Cav2.2 Voltage Clamp Recordings
Glass coverslips carrying cells expressing mutant or WT Cav2.2 channels were transferred to a 3.5-cm culture dish (Corning) containing external recording solution consisting of 20 mM BaCl2, 1 mM MgCl2, 10 mM HEPES, 40 mM TEA-Cl, 10 mM glucose, and 65 mM CsCl (pH 7.2 adjusted with TEA-OH). Micro-electrode patch pipettes were pulled using a Sutter P-87 micro-electrode puller or a DMZ Universal puller, and manually fire-polished using a Narishige MF-830 Micro Forge to attain a typical resistance of 4-5 MÙ. Internal pipette solution consisted of 108 mM CsMeSO4, 4 mM MgCl2, 9 mM EGTA, and 9 mM HEPES (pH 7.2 adjusted with CsOH).
Whole cell patch clamp recordings were performed in voltage-clamp mode using an Axopatch 200B amplifier (Axon Instruments) linked to a personal computer with pCLAMP version 9.0 or 9.2 software. Series resistance was compensated by 85%, leak currents were negligible, and the data were filtered at 1 kHz.
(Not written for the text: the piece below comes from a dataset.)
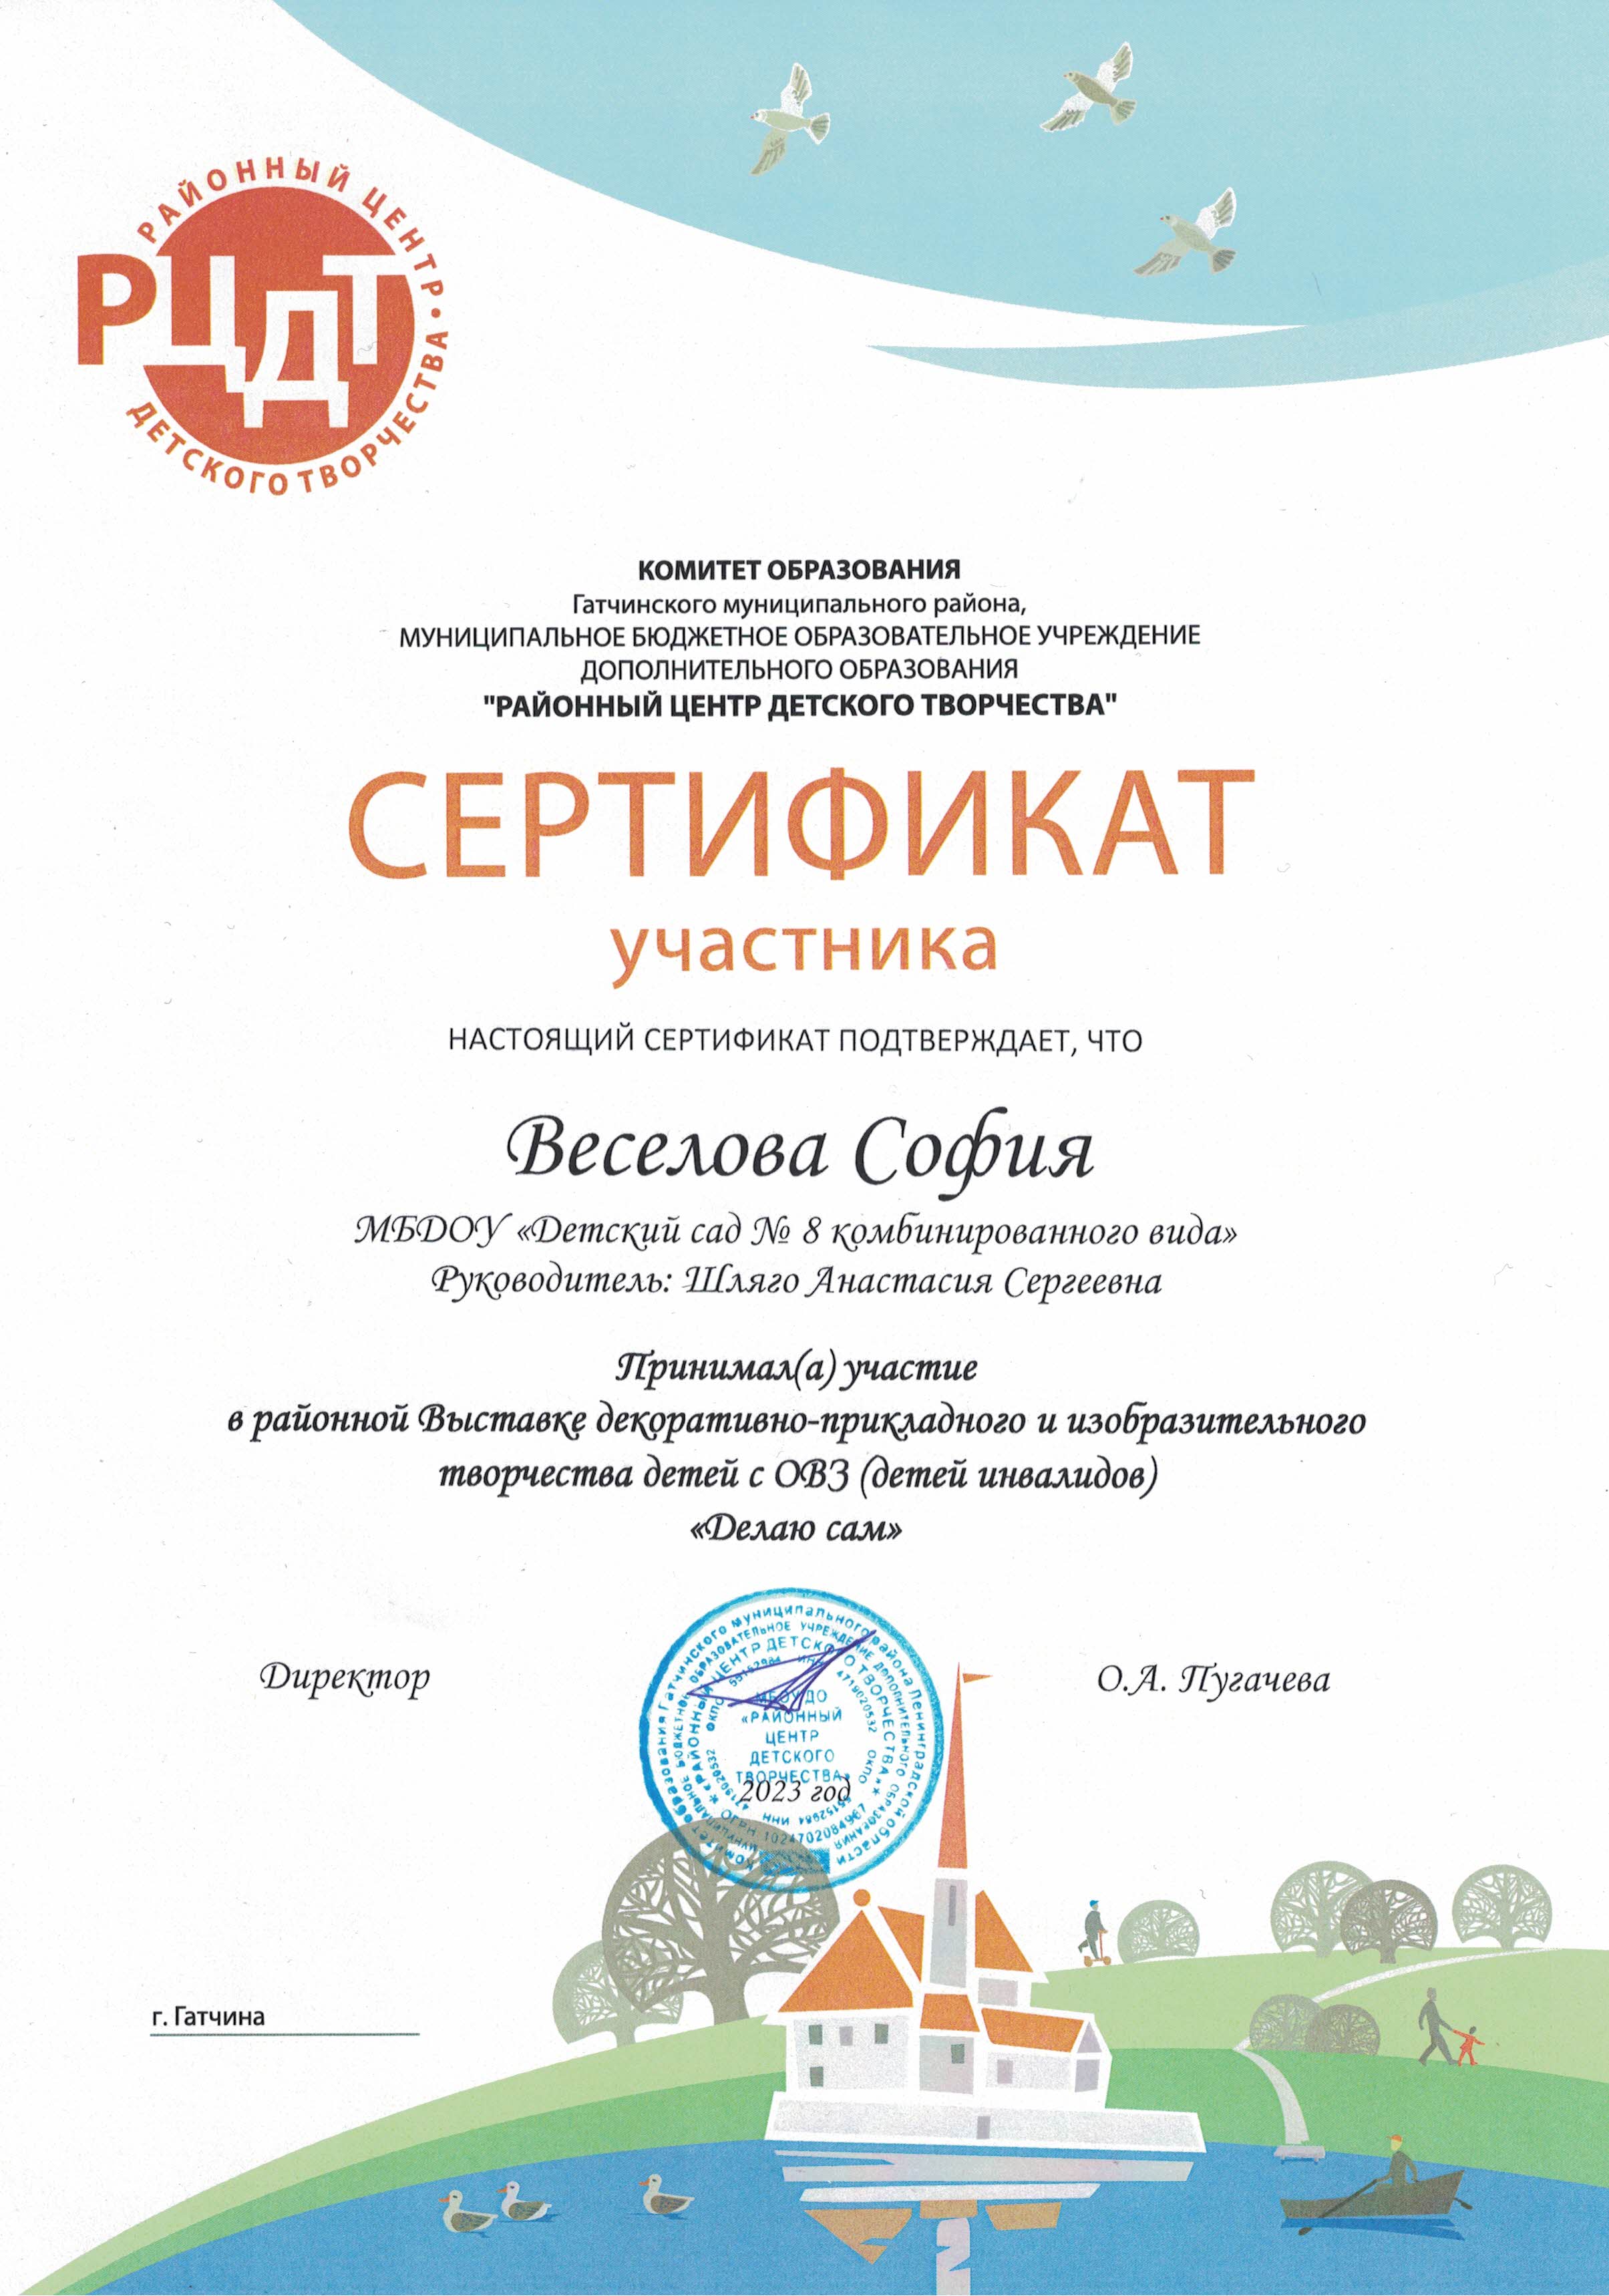 Сертификат участника Веселовой Софии из группы "Солнышко"
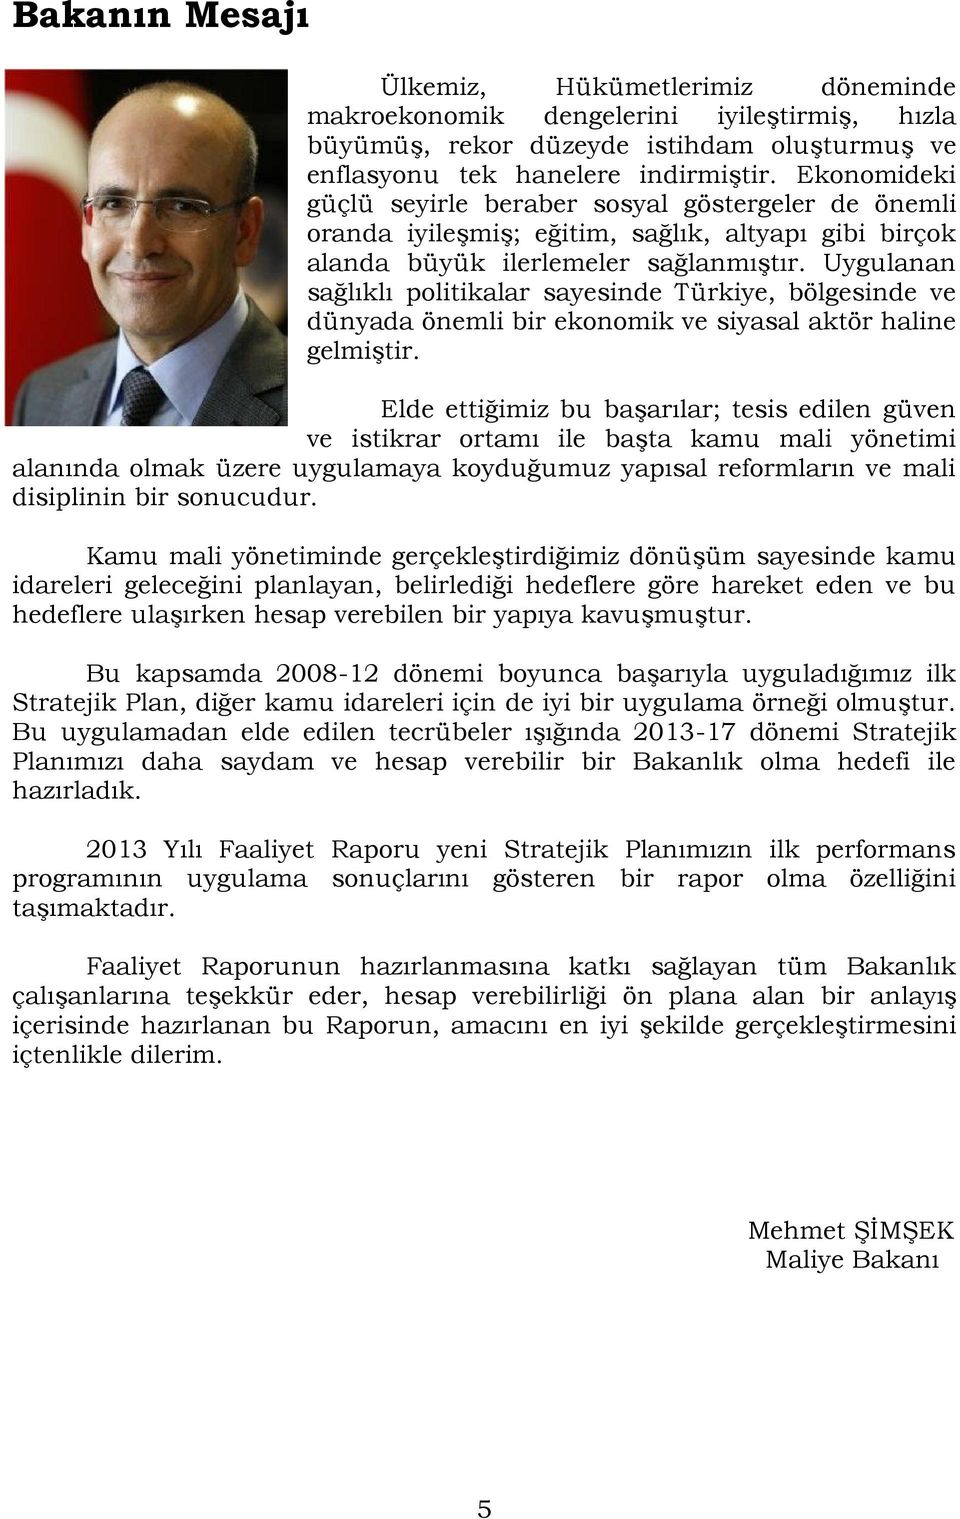 Uygulanan sağlıklı politikalar sayesinde Türkiye, bölgesinde ve dünyada önemli bir ekonomik ve siyasal aktör haline gelmiştir.

Individual pEGFP-expressing cells were held at -100 mV, and currents were evoked by stepping to a test potential of +20 mV. Only cells with current amplitudes greater than 50 pA and less than 1.5 nA were used for analysis.
Voltage-dependent G protein inhibition was assessed by application of a strong, depolarizing pre-pulse (PP) to +150 mV for 50 ms, immediately prior to the test potential--during alternating sweeps of an assay. Pre-pulse relief of inhibition was quantified as the ratio of peak current amplitudes observed in paired test pulses performed with (I+PP) and without (I-PP) the prepulse (i.e., I+PP/I-PP).
All data were analyzed using Clampfit version 9.2 (Axon Instruments) and fitted in Sigmaplot 2000 (SPSS Inc.). Statistical analyses were carried out using SigmaStat 2.03 (SPSS Inc.). All sample means are reported +/- SEM. Statistically significant differences between means were assessed using student's t-test, Mann-Whitney rank sum test, or one-way ANOVA at 95% confidence level as appropriate.
To further characterize the roles of Arg376 and Val416, additional single mutant α1B subunits, containing R376E, R376F, V416E, and V416K substitutions, were engineered and co-expressed with exogenous Gβ1γ2. Neither of the latter Val416 substitutions resulted in significant changes in PPF ratio as compared to WT channels, Fig. 2A). However, the phenylalanine substitution at Arg376 significantly increased the PPF ratio for channels coexpressed with Gβ1γ2 (mean values of 2.36 and 3.62 for WT and R376F, respectively, t-test p < 0.017, Fig. 2A), suggesting that this amino acid substitution actually increased Gβγ-mediated channel inhibition. These data thus further support the notion of residue 376 being an important determinant of VD G protein modulation of N-type channels.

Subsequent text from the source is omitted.